“良禽择木而栖,我被人加害时亏得叶生拉我一把,我没道理不报恩。我总不能坐以待毙,任人欺凌的。”雅思绽开的笑容愈发完美,可眼中一丝笑意也无。
虞苇庭挑眉,还想再说什么却被贺峰抢了先:“康小姐说得不无道理,况且李晔为自己牺牲员工的做法本来就应该被唾弃,他做不下去都是理所应当的,做生意要宽仁诚信才有的长久。”
虞显然没有想到他会帮雅思说话,眯眼看向面前年轻且姿容绝美的女性,悄然攥紧手包。
“贺先生,虞女士。”林修远声韵详雅,此刻微微欠身,竟是一派文质风骨,倒在这商务场合尤为特殊:“我来时,叶先生嘱咐过我要与他叔父问好,如今离开宴不久,想来怹也应该到了。如此,我与雅思便不叨扰二位了。”
话已至此,虞苇庭也不好再说些什么,而贺峰已经含笑与他们告别。望着林修远与雅思离去的背影,虞苇庭还是不甘心补了一句:“他们二人看起来都很配。”她对雅思的敌意来得莫名,可她却十分相信女人的直觉...尤其是贺峰帮对方说话后。她其实很清楚自己与贺峰的关系只能止步于知己朋友,可她却强硬地总想试探着再往前一些...如果已无从再进一步,那她也不容许有其他人在她前面...她自己也不明白为什么要这样。
“她很孤高。”林修远步履坚定,目视前方,不咸不淡评价道。
雅思不置可否,又听林修远道:“可惜少了气度,过犹不及,反成倨傲。”
这一句倒叫雅思不由侧目,需知林修远平日从不论人是非,这一句算是他口中少有的重话了。她知这是林修远为自己抱不平,有些好笑但更多是感激,她在北京的这帮朋友别的且不论,袒护伙伴这一点实在难得不过。
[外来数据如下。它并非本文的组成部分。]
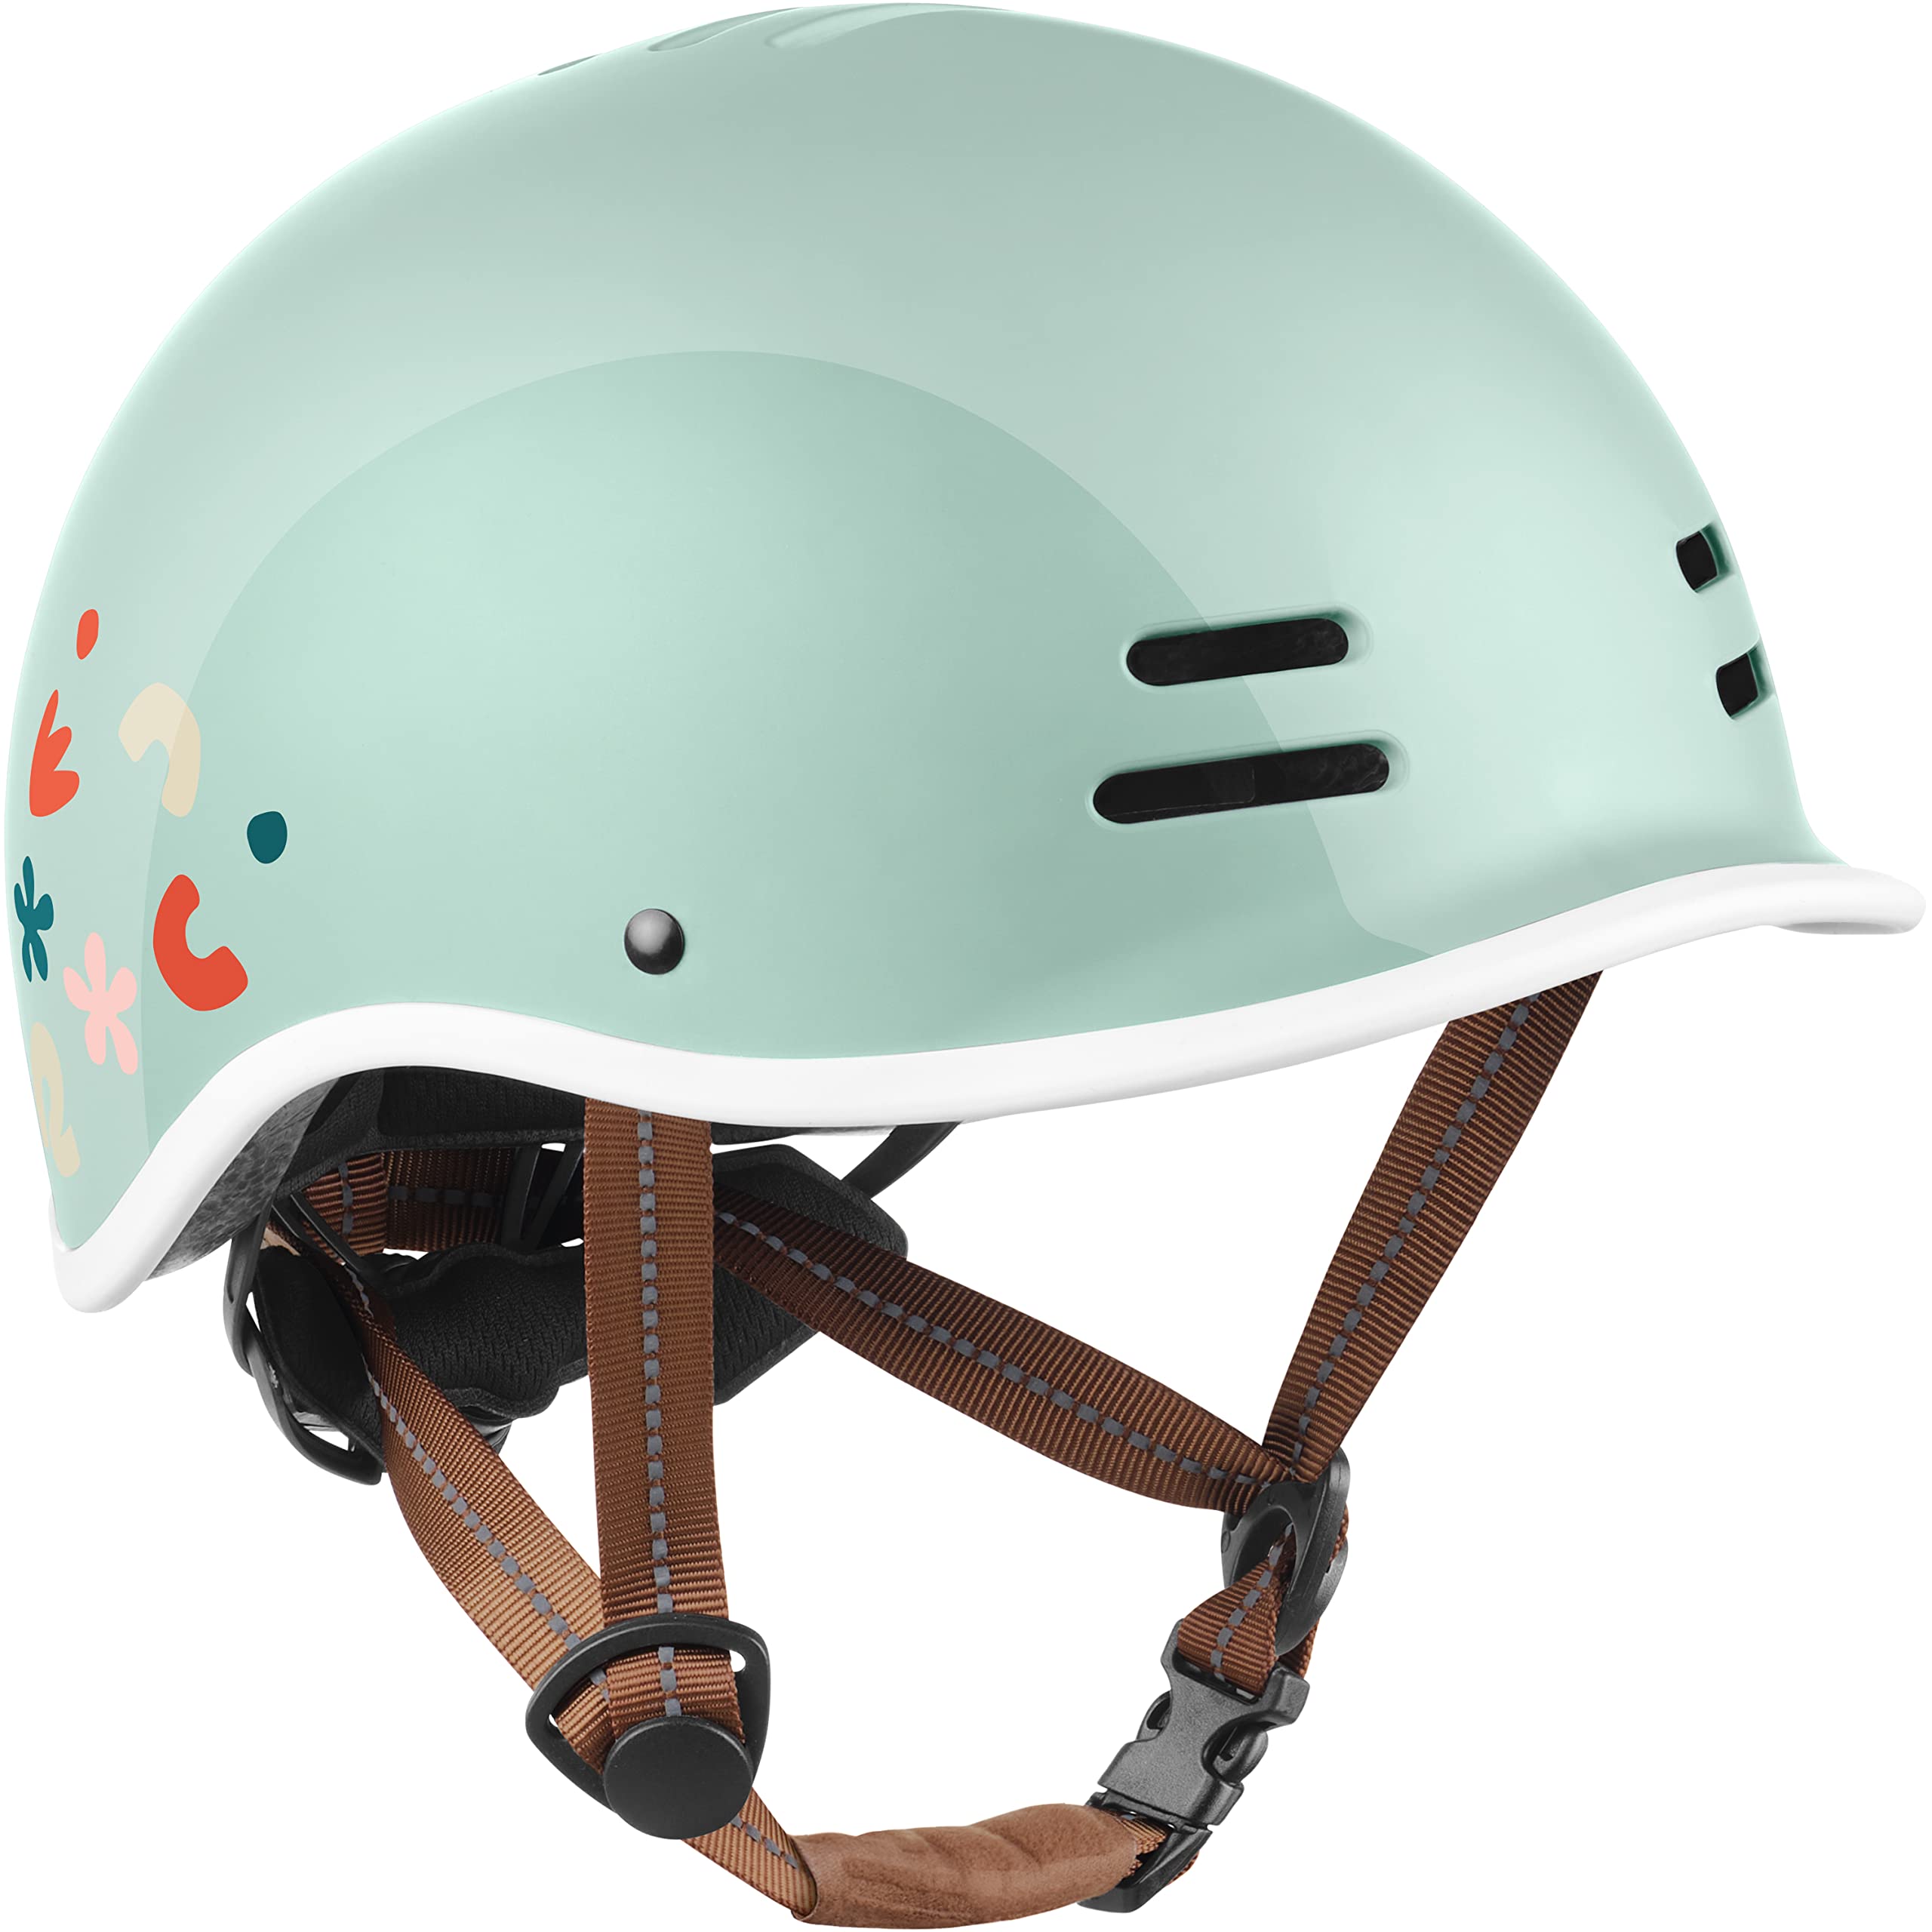 Retrospec Remi Kids' Bike Helmet

“雅思,你挽着我。”林修远忽然放慢脚步,低声嘱咐。雅思一愣,飞快觑了一眼前方,见不远处一位男士正与董生相谈,想来应是叶铭英的叔父。她依言照做,端的是温婉大方,林修远却停在原地不前,反叫雅思有些困惑看向他。
林修远见她疑惑,稍凑近些轻而快解释道:“小猫是代他的女儿受过...”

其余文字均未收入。